--- Dataset excerpts ---
+-------+
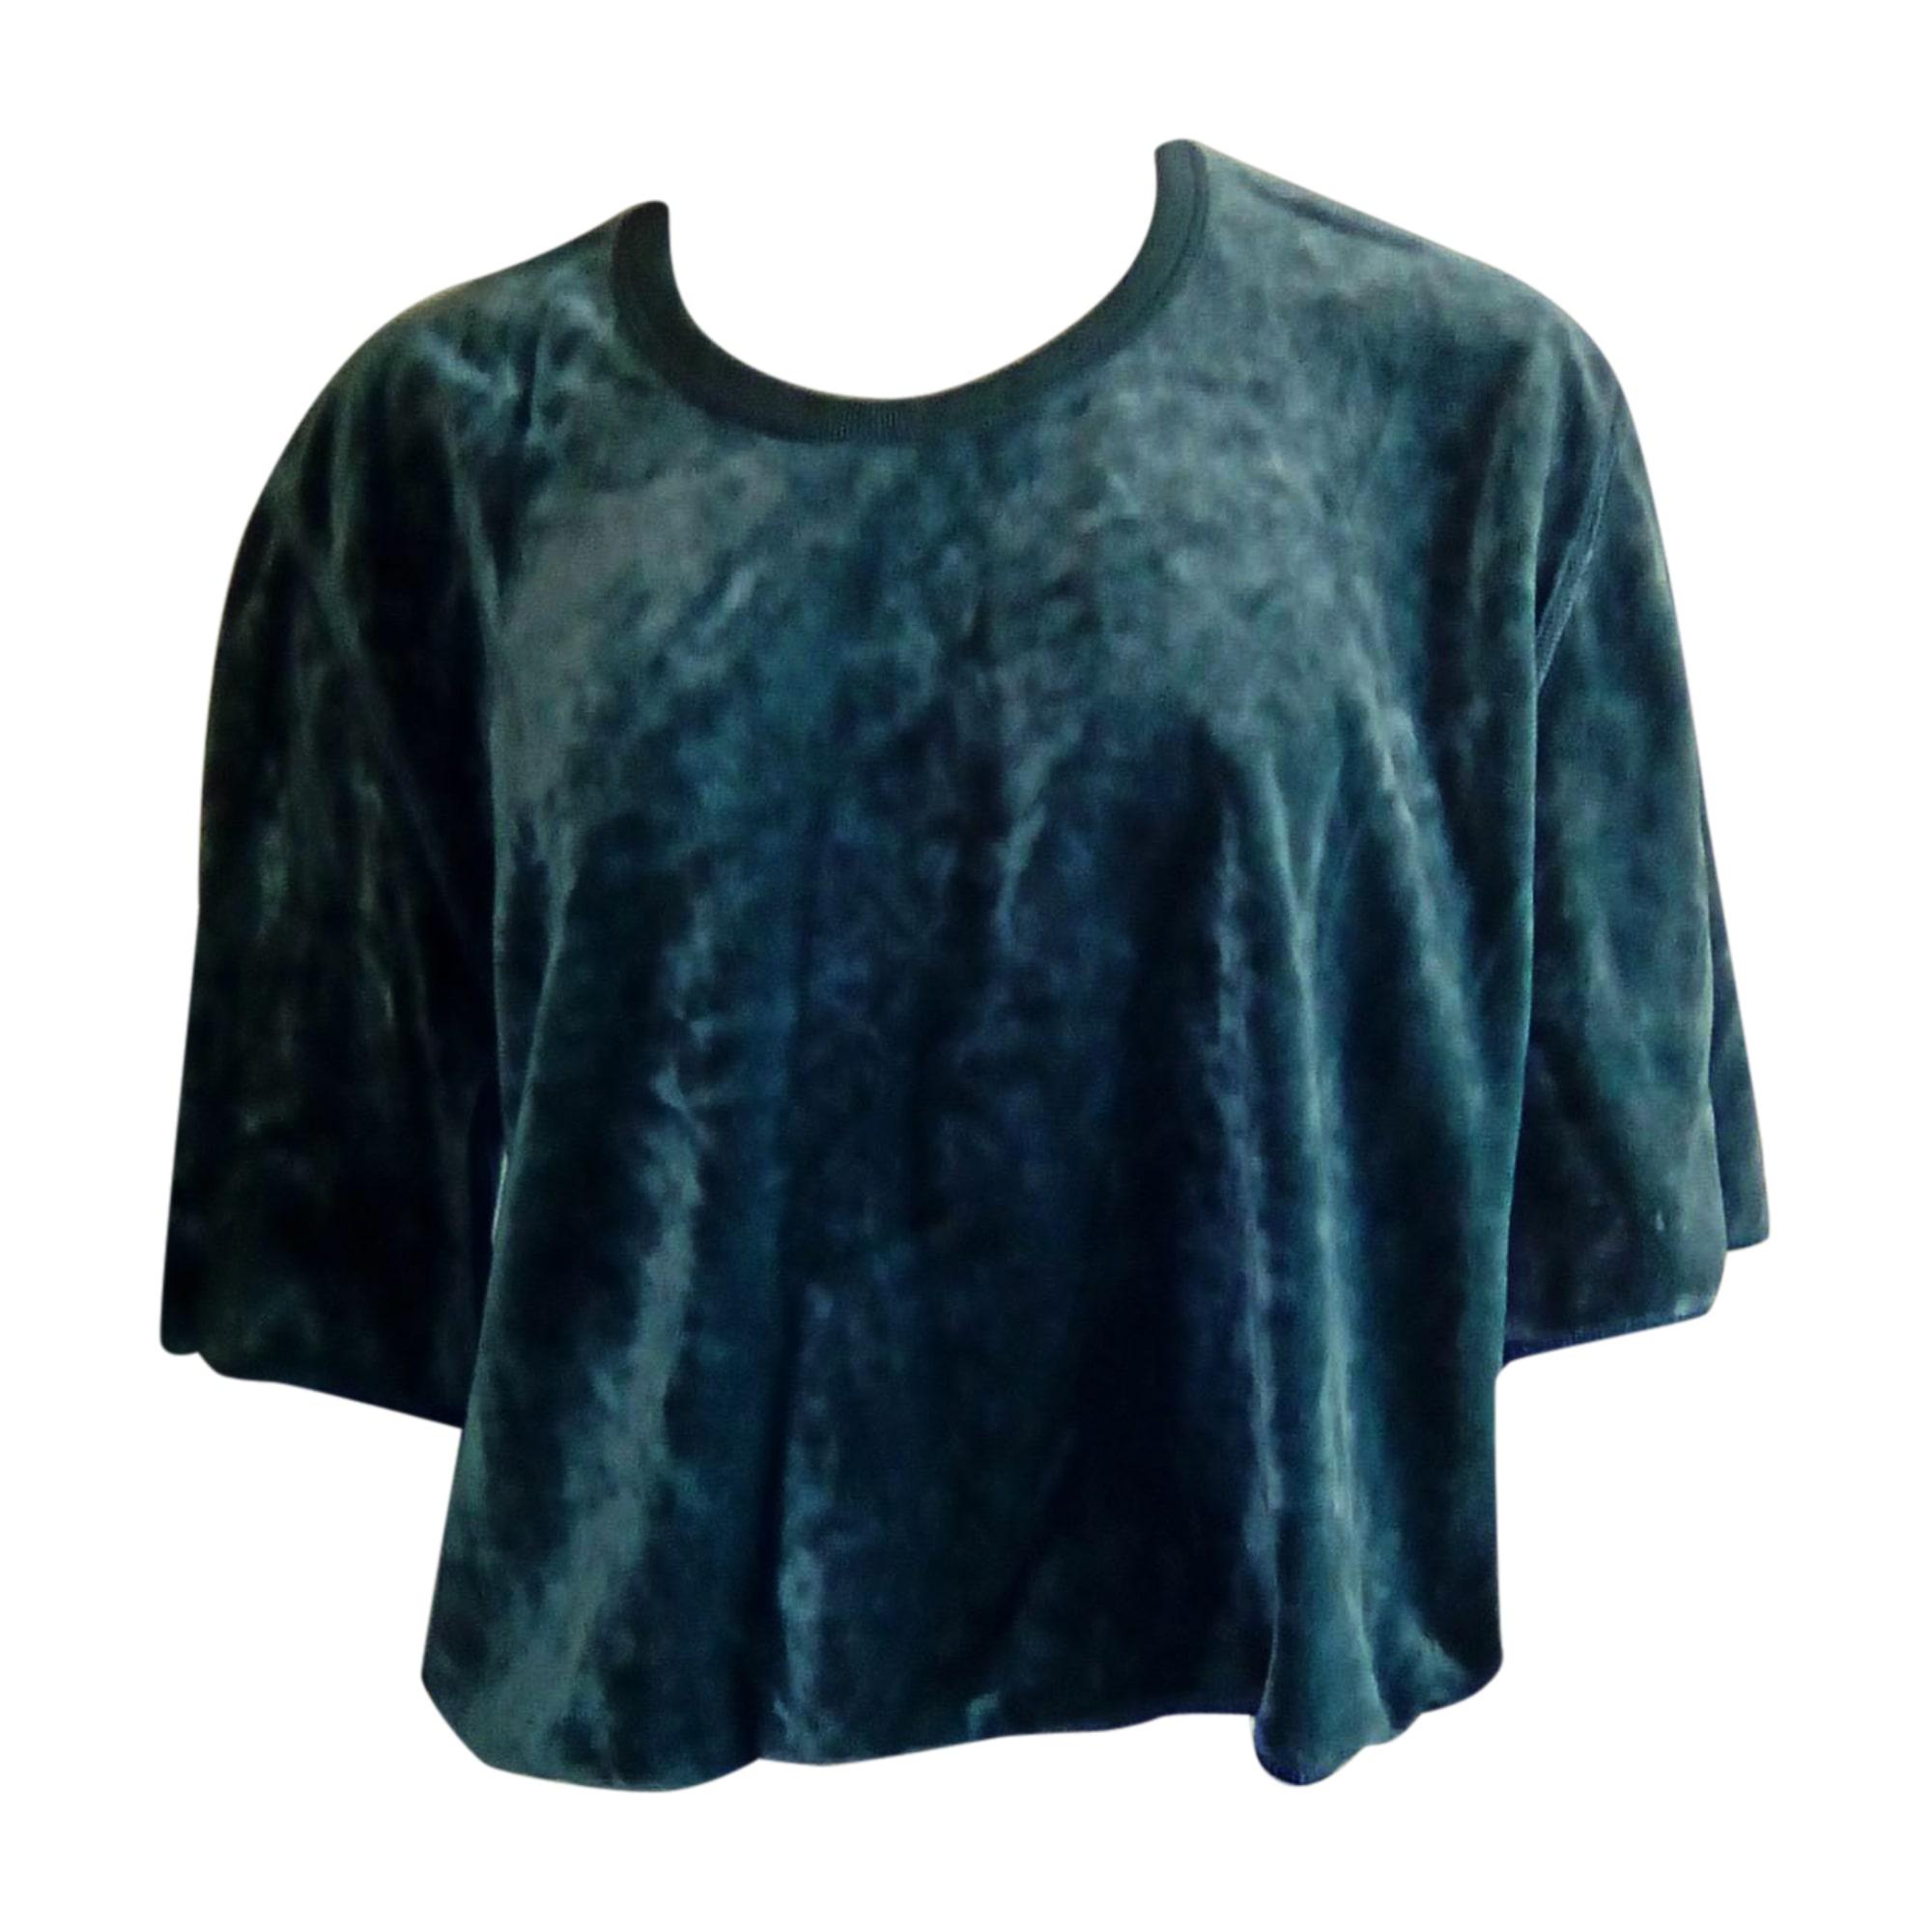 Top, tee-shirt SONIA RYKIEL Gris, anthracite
+-------+
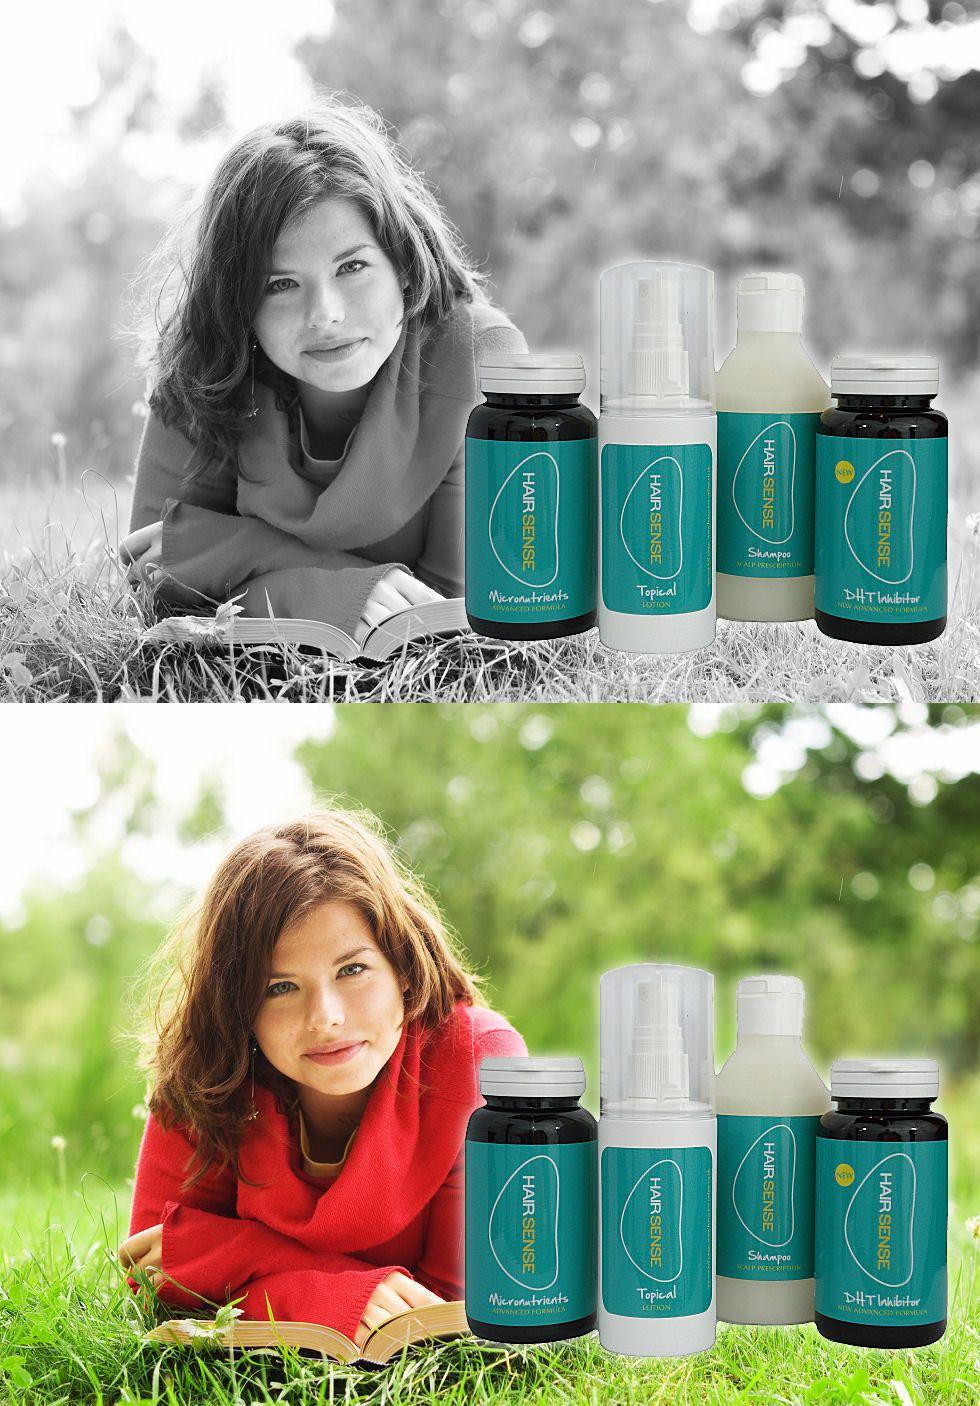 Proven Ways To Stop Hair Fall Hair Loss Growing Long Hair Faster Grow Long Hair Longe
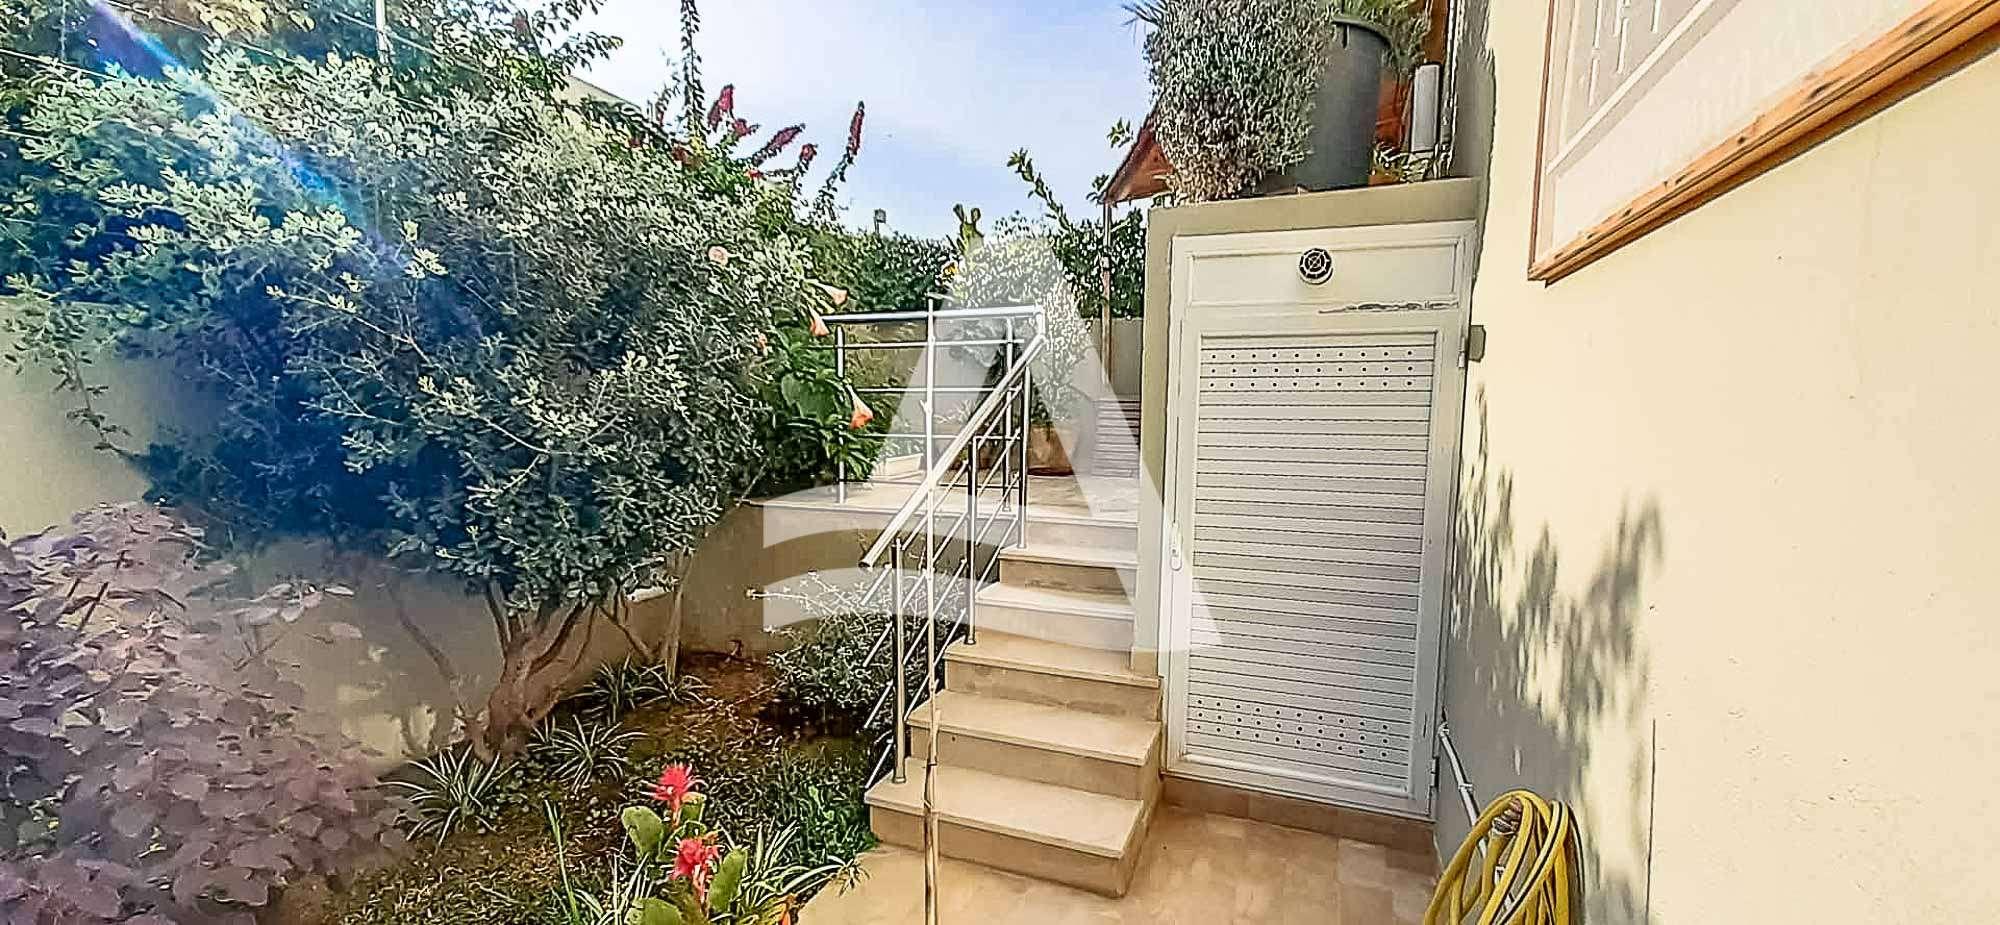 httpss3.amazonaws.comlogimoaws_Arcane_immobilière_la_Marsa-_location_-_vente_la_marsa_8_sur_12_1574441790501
+-------+
Begin at the line in the entries above that has "Proven Ways To", stop after the line that has "httpss3.amazon", and output exactly those lines without pictures.

--- Answer space ---
 Proven Ways To Stop Hair Fall Hair Loss Growing Long Hair Faster Grow Long Hair Longe
 httpss3.amazonaws.comlogimoaws_Arcane_immobilière_la_Marsa-_location_-_vente_la_marsa_8_sur_12_1574441790501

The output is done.